Abstract

The proliferation of Unmanned Aircraft Systems (UAS) in the United States National Airspace System (NAS) has resulted in an increasing number of close encounters between manned aircraft and UAS, which correlates with the increasing number of remote pilots in the Federal Aviation Administration (FAA) airmen database. This research explores spatial patterns of registered airmen using Geographic Information Systems (GIS) analyses that provide notable spatial distribution patterns of pilots and how they relate to UAS sightings and airspace categories. The application of GIS to these aviation data may assist safety practitioners with identifying geographic patterns, areas of higher risk, and ultimately improve safety management. The authors analyzed publicly available airmen data to examine spatial distribution patterns, data correlations, and inferences.
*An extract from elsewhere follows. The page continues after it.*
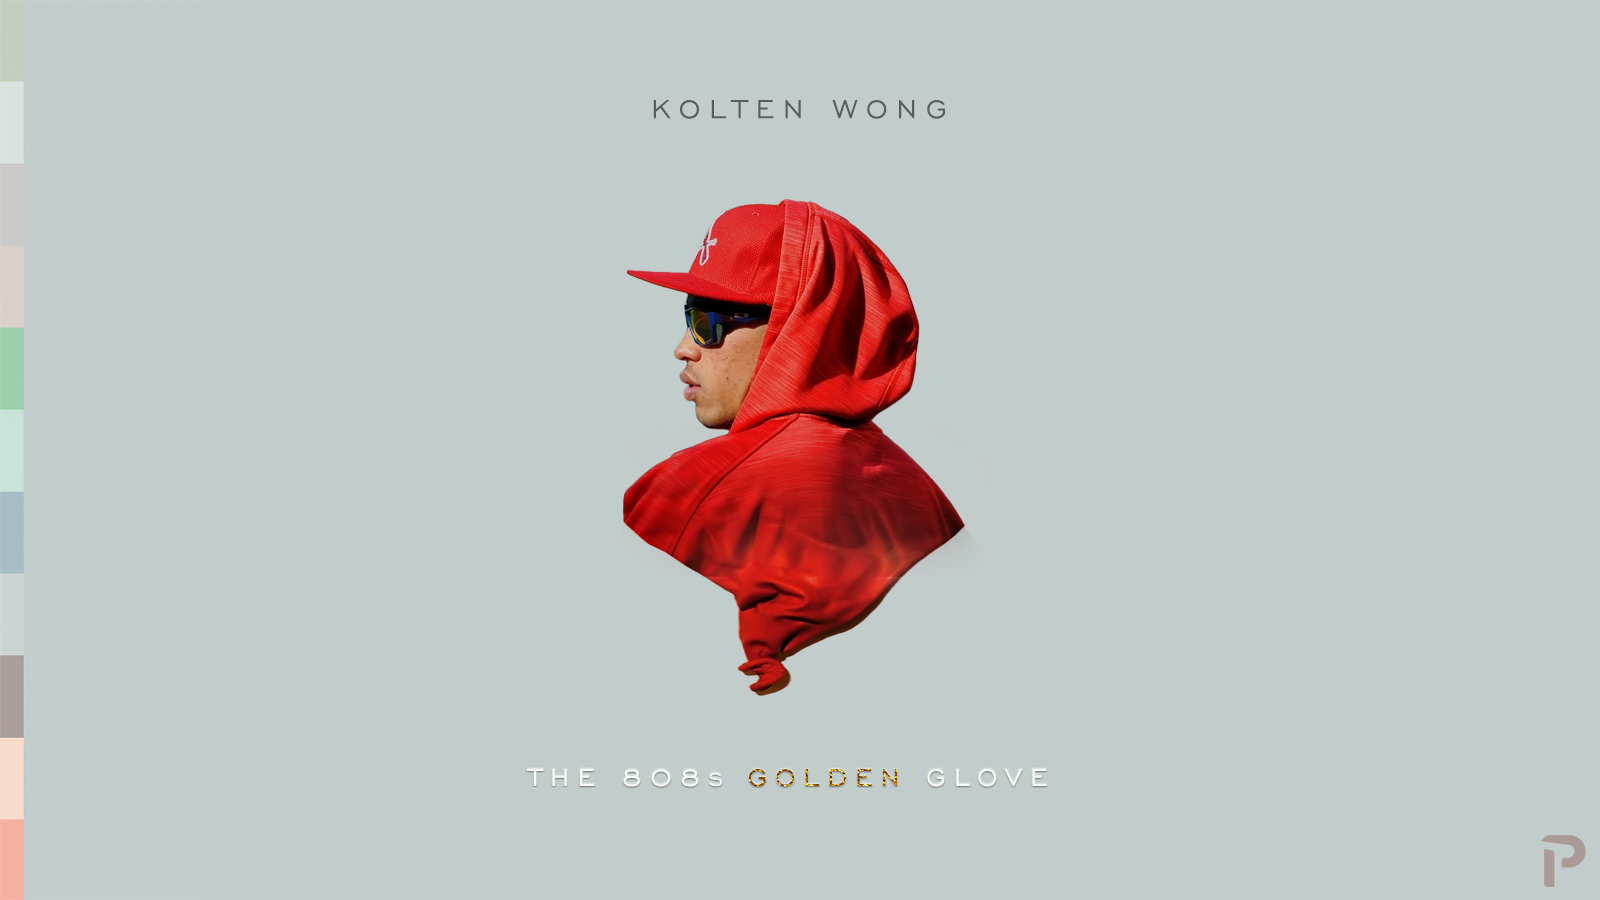 Seven years after Kolten Wong's mother Keala died of cancer, she's
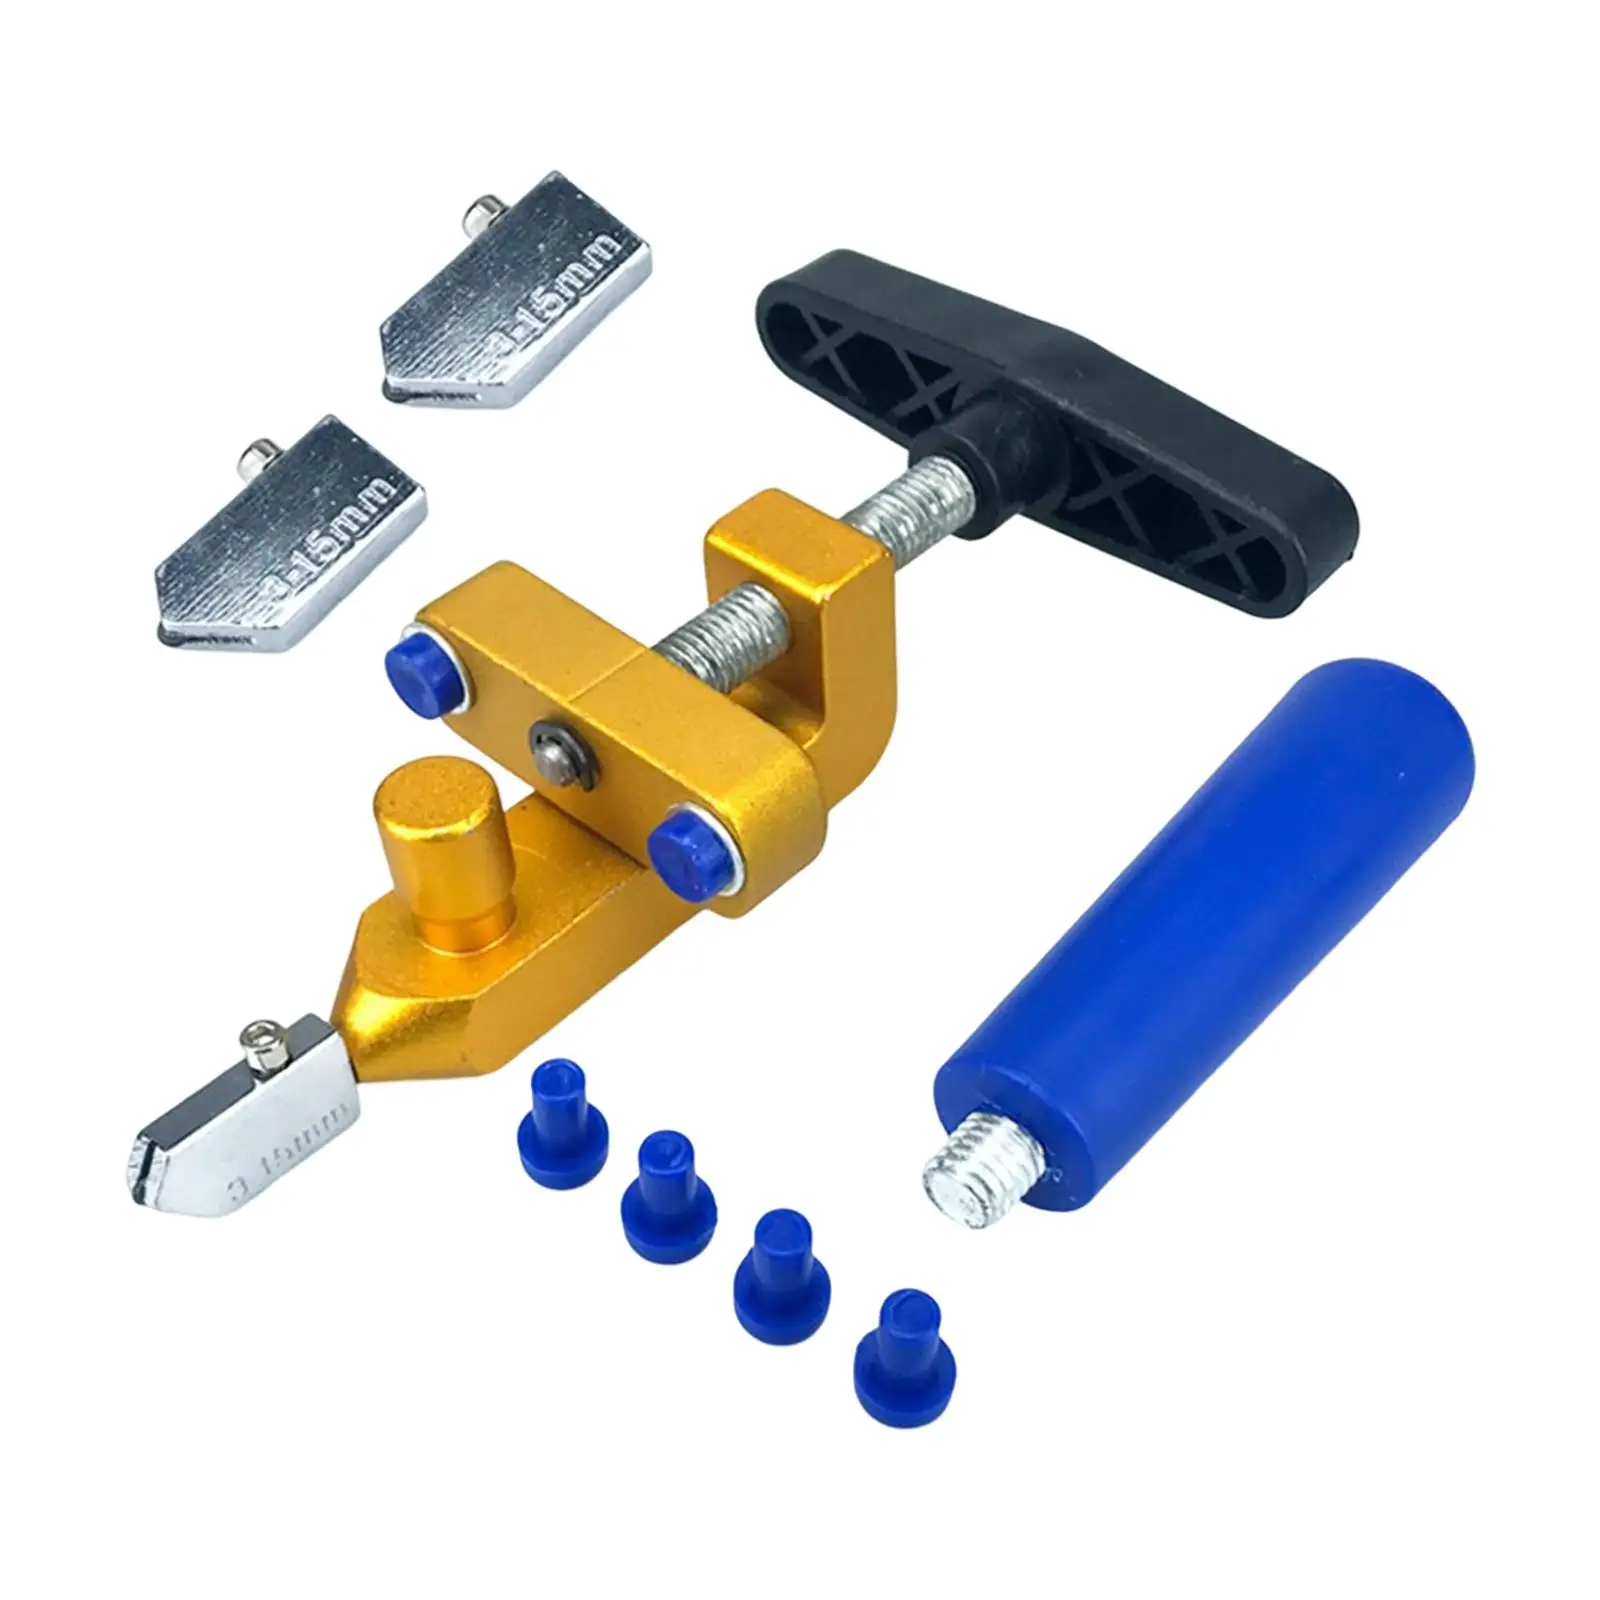 Multifunctional Ceramic Tile Opener Portable Hand Tools Lightweight ,Construction Tool Manual Glass Cutter for Home DIY

Airmen addresses were first geocoded into ArcPro 10.4 GIS software as a vector data layer containing attribute values of the database. The spatial analysis tool set was then utilized to establish clustering, density patterns, and spatial relationships between various categories of registered airmen. These density analyses revealed implicitly that commercial registered pilots tend to have the highest clustering near major commercial use controlled airspace, yet registered remote (UAS) pilots are also clustered in these and other densely populated areas. UAS sighting data were also geocoded using zip code values of the reported city to potentially correlate UAS sighting with registered remote pilots, yet the lack of spatial precision in the database made establishing any type of spatial relationship ineffective. The implicit spatial relationships between commercial and remote registered pilots revealed further research is needed to integrate UAS safely and effectively into the national airspace. The poor quality of UAS sighting data also demonstrates the need to better utilize GIS to monitor and track UAS flights within the context of an Unmanned Traffic Management System.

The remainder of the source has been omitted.